Фил. Те тела, следовательно, при приложении которых к нашим мы воспринимаем умеренную степень теплоты, должны быть признаны имеющими умеренную степень теплоты или теплоты в себе; и те, при приложении которых мы чувствуем подобную степень холода, должны считаться имеющими холод в себе.

Гил. Должны.

Фил. Может ли быть истинным какое-либо учение, которое неизбежно ведет человека к абсурду?

Гил. Без сомнения, не может.

Фил. Не является ли абсурдом думать, что одна и та же вещь должна быть в одно и то же время и холодной, и теплой? [pg 388] Гил. Является.

Фил. Предположим теперь, одна ваша рука горячая, а другая холодная, и что они обе одновременно опущены в один и тот же сосуд с водой, находящейся в промежуточном состоянии; не покажется ли вода холодной одной руке и теплой другой?

Гил. Покажется.

Фил. Не должны ли мы поэтому, согласно вашим принципам, заключить, что она действительно и холодная, и теплая в одно и то же время, то есть, согласно вашему собственному признанию, верить в абсурд?

Гил. Признаю, похоже на то.

Фил. Следовательно, сами принципы ложны, поскольку вы признали, что никакой истинный принцип не ведет к абсурду.

Гил. Но, в конце концов, может ли быть что-то более абсурдное, чем сказать, что в огне нет теплоты?

Фил. Чтобы сделать этот пункт еще яснее, скажите мне, не должны ли мы в двух совершенно одинаковых случаях выносить одинаковое суждение?

Гил. Должны.

Фил. Когда булавка колет ваш палец, не разрывает ли она и не разделяет ли волокна вашей плоти?

Гил. Разрывает.

Фил. А когда уголь обжигает ваш палец, делает ли он что-то большее?

Гил. Не делает.

Фил. Поскольку, следовательно, вы не судите, что само ощущение, вызванное булавкой, или что-либо подобное ему находится в булавке; вы не должны, в соответствии с тем, что вы сейчас признали, судить, что ощущение, вызванное огнем, или что-либо подобное ему находится в огне.

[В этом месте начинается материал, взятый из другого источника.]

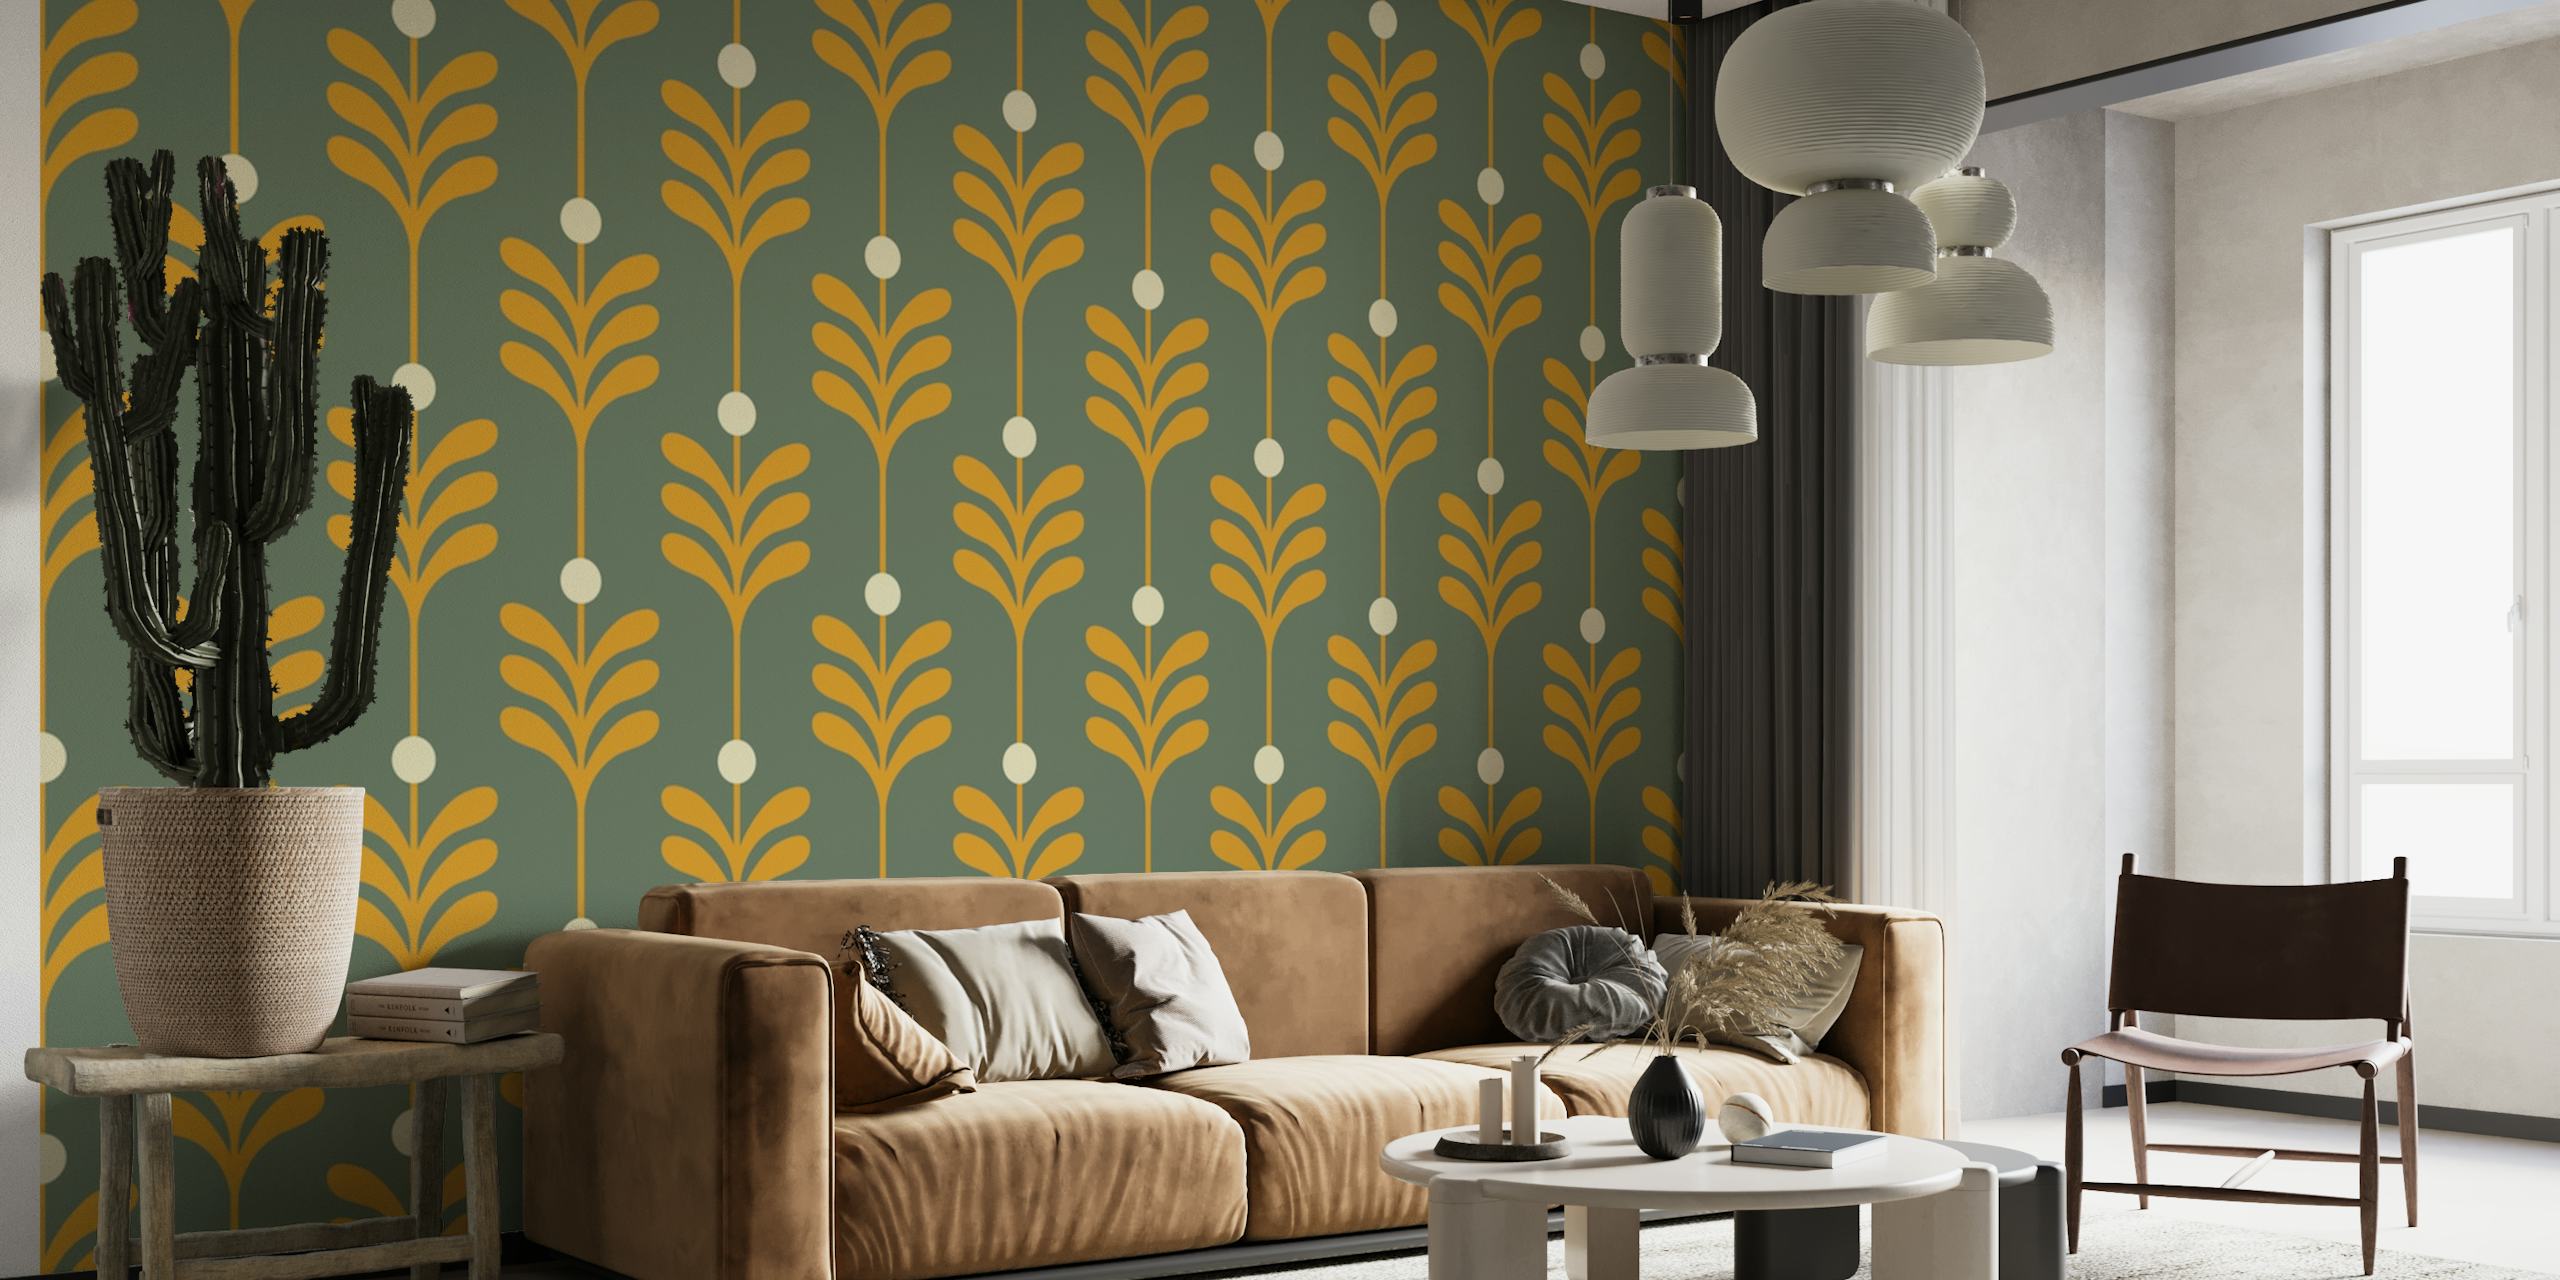 Wandtapete mit Blättern im Art-Deco-Stil mit goldenen Mustern auf blaugrünem Hintergrund

Гил. Что ж, раз так должно быть, я согласен уступить этот пункт и признать, что теплота и холод — это только ощущения, существующие в наших умах. Но все еще остается достаточно качеств, чтобы обеспечить реальность внешних вещей.

Фил. Но что вы скажете, Гилас, если окажется, что дело обстоит так же в отношении всех других чувственных качеств и что их нельзя предполагать существующими вне ума, не более, чем теплоту и холод?

Гил. Тогда, действительно, вы сделаете что-то существенное; но это то, в доказательстве чего я отчаиваюсь.

Фил. Давайте рассмотрим их по порядку. Что вы думаете о вкусах — существуют ли они вне ума или нет?

Гил. Может ли какой-либо человек в здравом уме сомневаться, является ли сахар сладким, а полынь горькой?

Фил. Сообщите мне, Гилас. Является ли сладкий вкус особым видом удовольствия или приятного ощущения, или нет?

Гил. Является.

Фил. А не является ли горечь каким-то видом беспокойства или боли?

Гил. Я признаю это.

Фил. Если, следовательно, сахар и полынь — это немыслящие телесные субстанции, существующие вне ума, как могут сладость и горечь, то есть удовольствие и боль, быть им присущи?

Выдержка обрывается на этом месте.